Distorted faces/hands

Problem: Faces and hands look deformed

Solutions:

# Solution 1: Use negative prompts
negative_prompt = """
bad hands, bad anatomy, deformed, ugly, blurry,
extra fingers, mutated hands, poorly drawn hands,
poorly drawn face, mutation, deformed face
"""

# Solution 2: Use face-specific models
# ADetailer or similar post-processing

# Solution 3: Use ControlNet for poses
# Load pose estimation and condition generation

# Solution 4: Inpaint problematic areas
mask = create_face_mask(image)
fixed = inpaint_pipe(
    prompt="beautiful detailed face",
    image=image,
    mask_image=mask
).images[0]

Scheduler Issues

Scheduler not compatible

Error: ValueError: Scheduler ... is not compatible with pipeline

Fix:

from diffusers import EulerDiscreteScheduler

# Create scheduler from config
pipe.scheduler = EulerDiscreteScheduler.from_config(
    pipe.scheduler.config
)

# Check compatible schedulers
print(pipe.scheduler.compatibles)

Wrong number of steps

Problem: Model generates different quality with same steps

Fix:

# Reset timesteps explicitly
pipe.scheduler.set_timesteps(num_inference_steps)

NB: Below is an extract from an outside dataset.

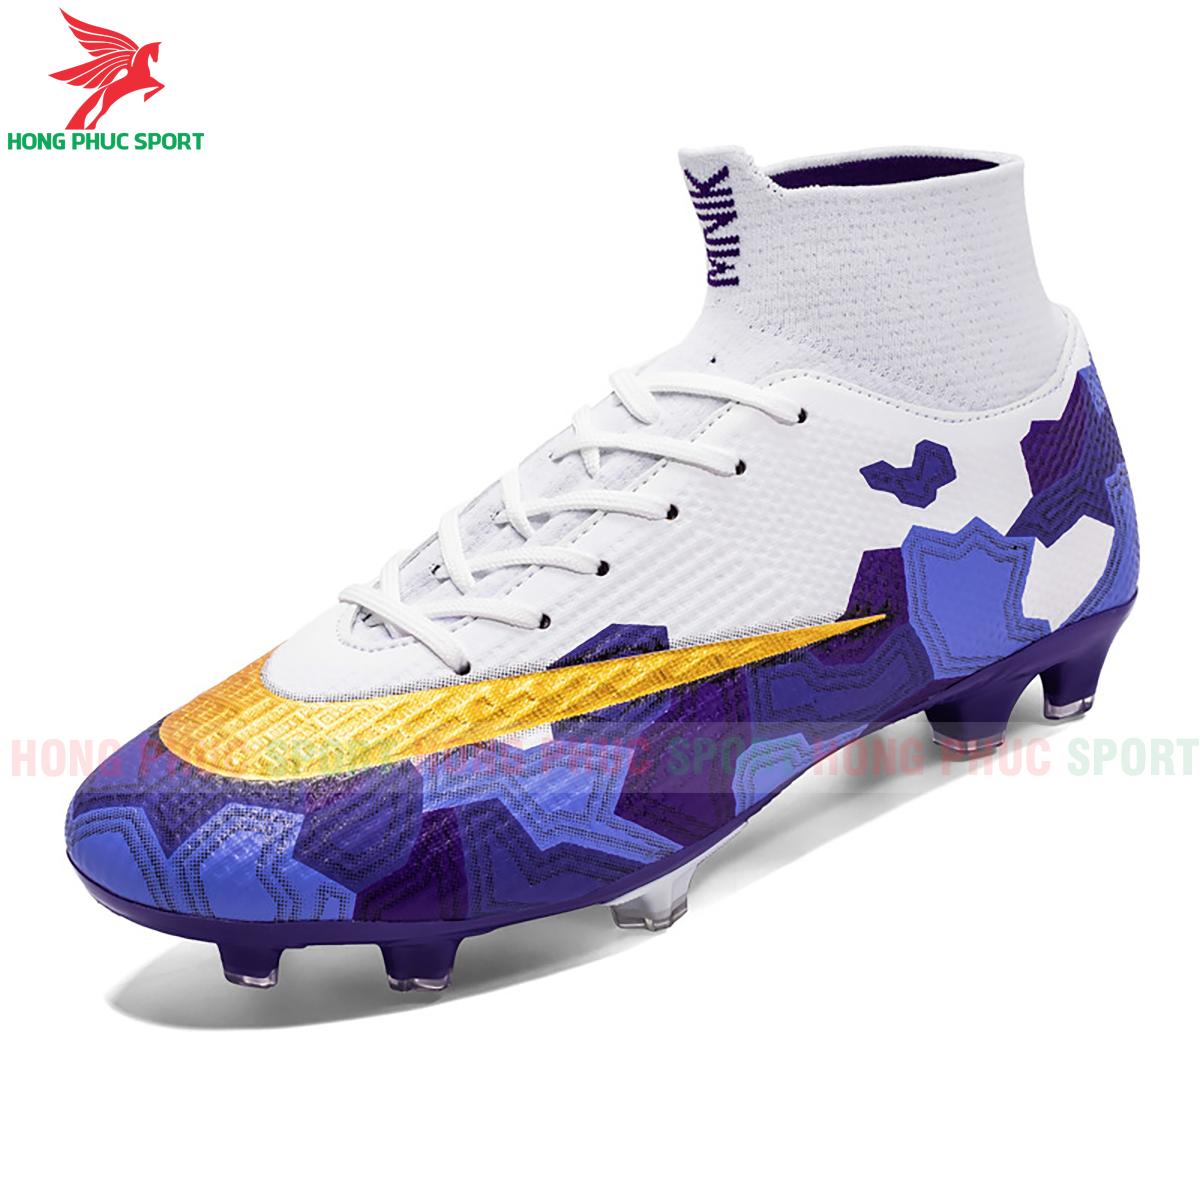 Giày đá banh Superfly VII Mbappe V2 2020 FG mẫu 3 màu xanh dương

# Check scheduler's step count
print(len(pipe.scheduler.timesteps))

LoRA Issues

LoRA weights not loading

Error: RuntimeError: Error(s) in loading state_dict for UNet2DConditionModel

Fix:

# Check weight file format
# Should be .safetensors or .bin

# Load with correct key prefix
pipe.load_lora_weights(
    "path/to/lora",
    weight_name="lora.safetensors"
)

# Try loading into specific component
pipe.unet.load_attn_procs("path/to/lora")

LoRA not affecting output

Problem: Generated images look the same with/without LoRA

Fix:

# Fuse LoRA weights
pipe.fuse_lora(lora_scale=1.0)

# Or set scale explicitly
pipe.set_adapters(["lora_name"], adapter_weights=[1.0])

# Verify LoRA is loaded
print(list(pipe.unet.attn_processors.keys()))

Multiple LoRAs conflict

Problem: Multiple LoRAs produce artifacts

Fix:

# Load with different adapter names
pipe.load_lora_weights("lora1", adapter_name="style")
pipe.load_lora_weights("lora2", adapter_name="subject")

# Balance weights
pipe.set_adapters(
    ["style", "subject"],
    adapter_weights=[0.5, 0.5]  # Lower weights
)

# Or use LoRA merge before loading
# Merge LoRAs offline with appropriate ratios

ControlNet Issues

ControlNet not conditioning

Problem: ControlNet has no effect on output

Fix:

# Check control image format
# Should be RGB, matching generation size
control_image = control_image.resize((512, 512))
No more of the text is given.